In recent years the Chinese have announced a policy of dominating successive offshore lines of islands. Although it seems unlikely that such a policy would be very workable, it may suggest that the Chinese see the South China Sea, whose islands they claim, as a future bastion. In order to threaten the United States from this area, they would need a much longer-range missile, carried by a larger submarine.
It is also possible that the Chinese doubt that a missile submarine operating in the large area defined by its missile range is particularly vulnerable. That has certainly been the U.S. position. In the Chinese case it may be bolstered if the Chinese have only limited respect for U.S. strategic ASW. That might be especially so if they have little such capability of their own. Their main access to strategic anti-submarine warfare systems may have been through the Russians, and the Russian systems put in place late in the Cold War and afterwards had ranges of hundreds rather than thousands of miles.
In that case the Chinese will have only limited interest in submarine sanctuaries. Very long missile range will be valued mainly because it will place much more of the United States at risk; a submarine off the Pacific Coast will be able to attack cities on the East Coast. In such a scenario, policy in Korea will have no connection with the future Chinese submarine deterrent.

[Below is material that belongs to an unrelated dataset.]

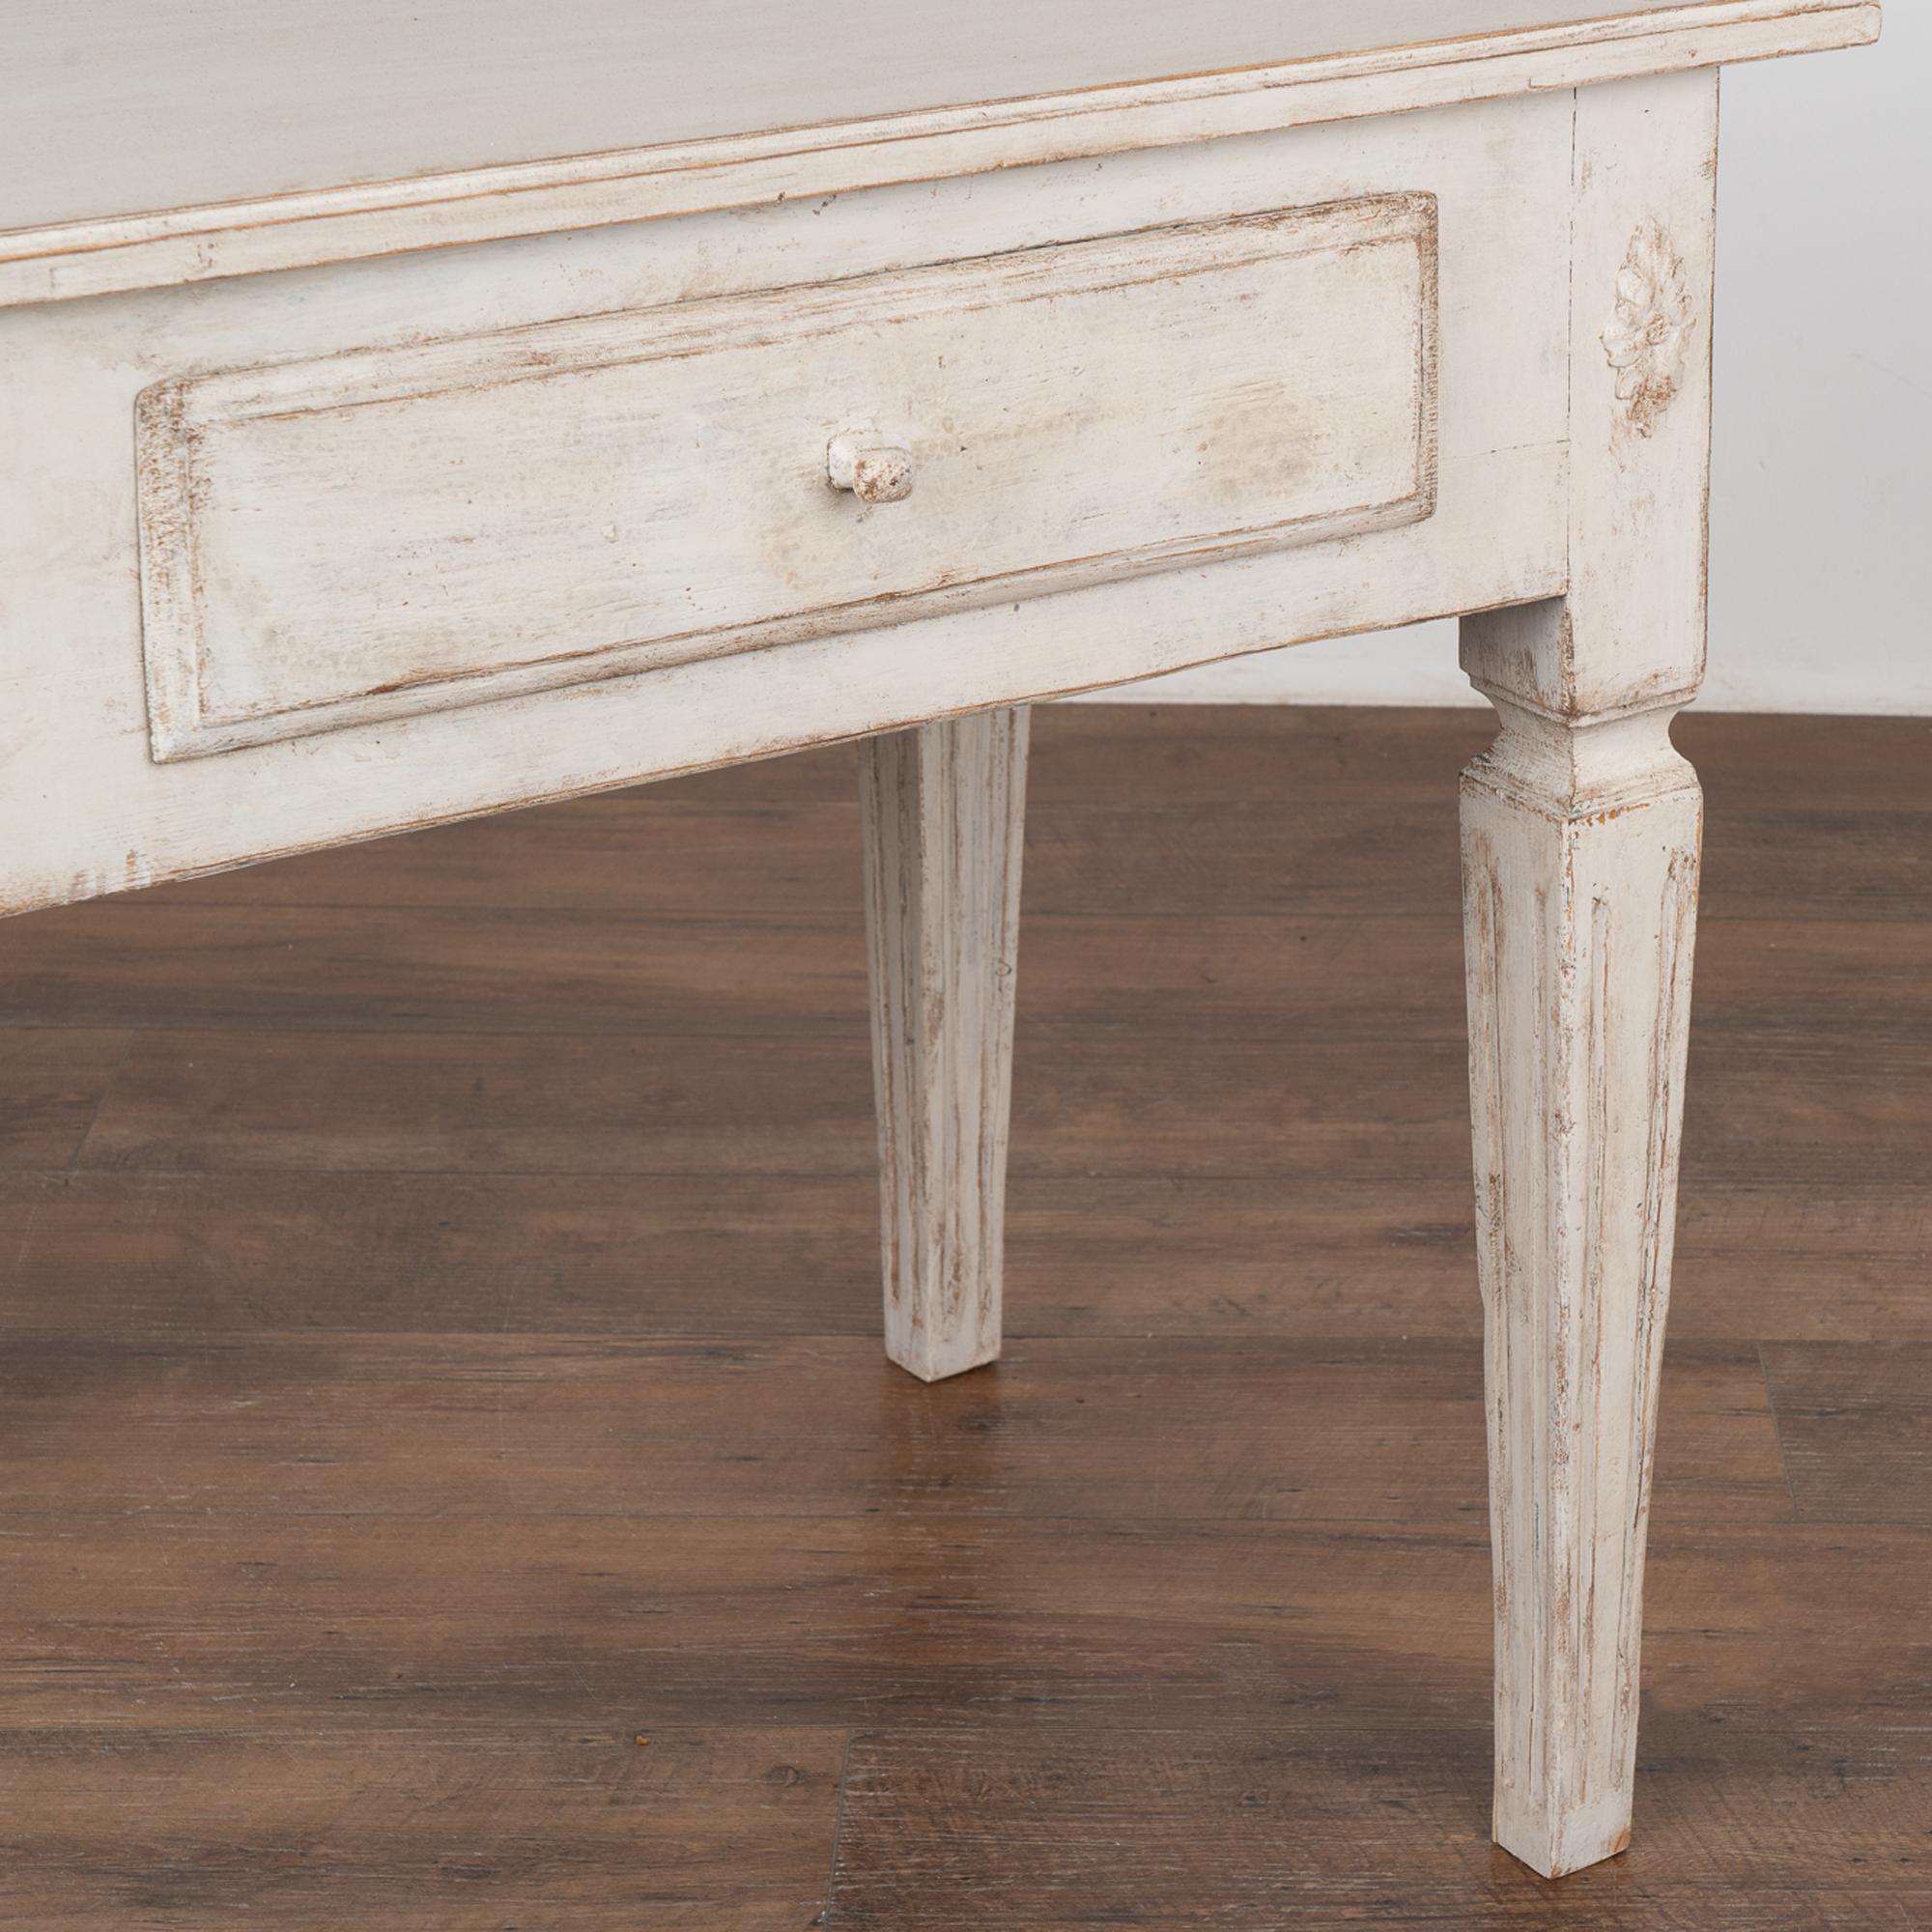 Wood Antique Swedish Gustavian White Painted Side Table With Drawer, circa 1840-60 For Sale
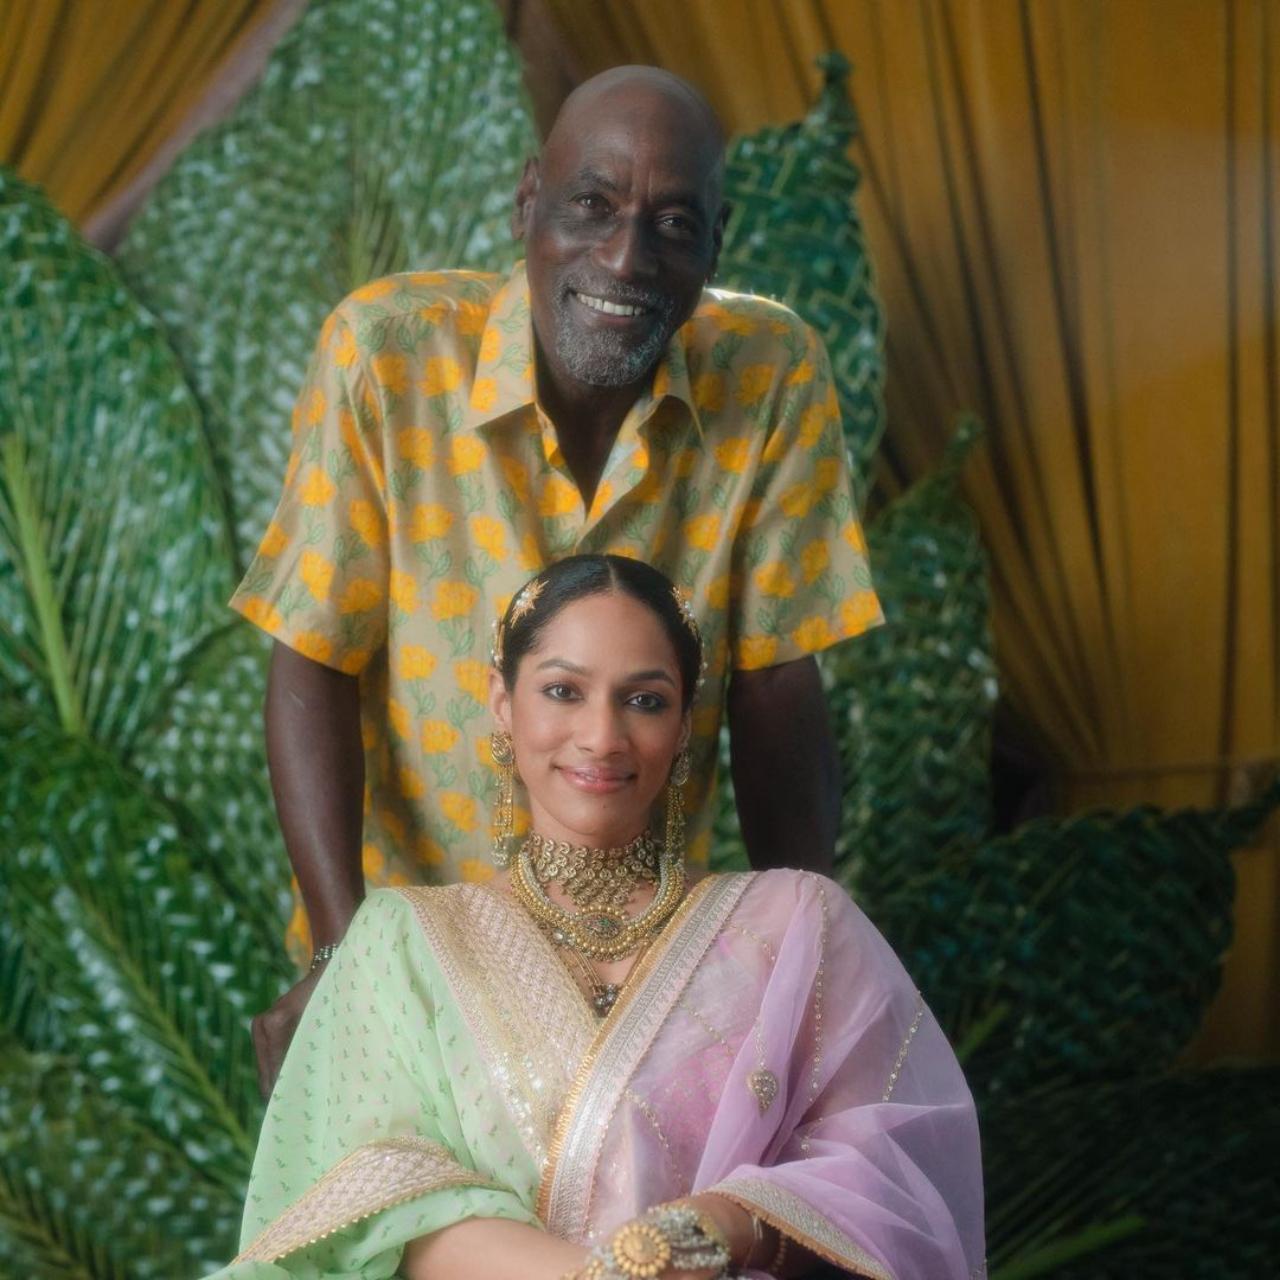 Sir Vivian Richards, who is Masaba's father, also joined the wedding celebrations. All family members were seen dressed in Masaba's House Of Masaba collection

Of course it is also quite possible that none of this logic has been worked through. Many national leaders imagine that buying weapons, without the requisite sensor or command and control back-up, provides military muscle. It is also quite possible that no one has really thought through Chinese submarine survivability issues. Current Chinese nuclear submarines are apparently quite noisy, having been designed many years ago. The coming attack and strategic submarines (Types 093 and 094) are always described as very quiet, but they do not yet exist, and our own experience in the past was that a submarine conceived as very quiet could turn out to be embarrassingly noisy (until it was very carefully, and often very expensively, modified). The Chinese leadership, which paid for the submarine and its JL-2 missile, has presumably been told that the submarine will be undetectable. We will have to wait a few years to find out whether that is so.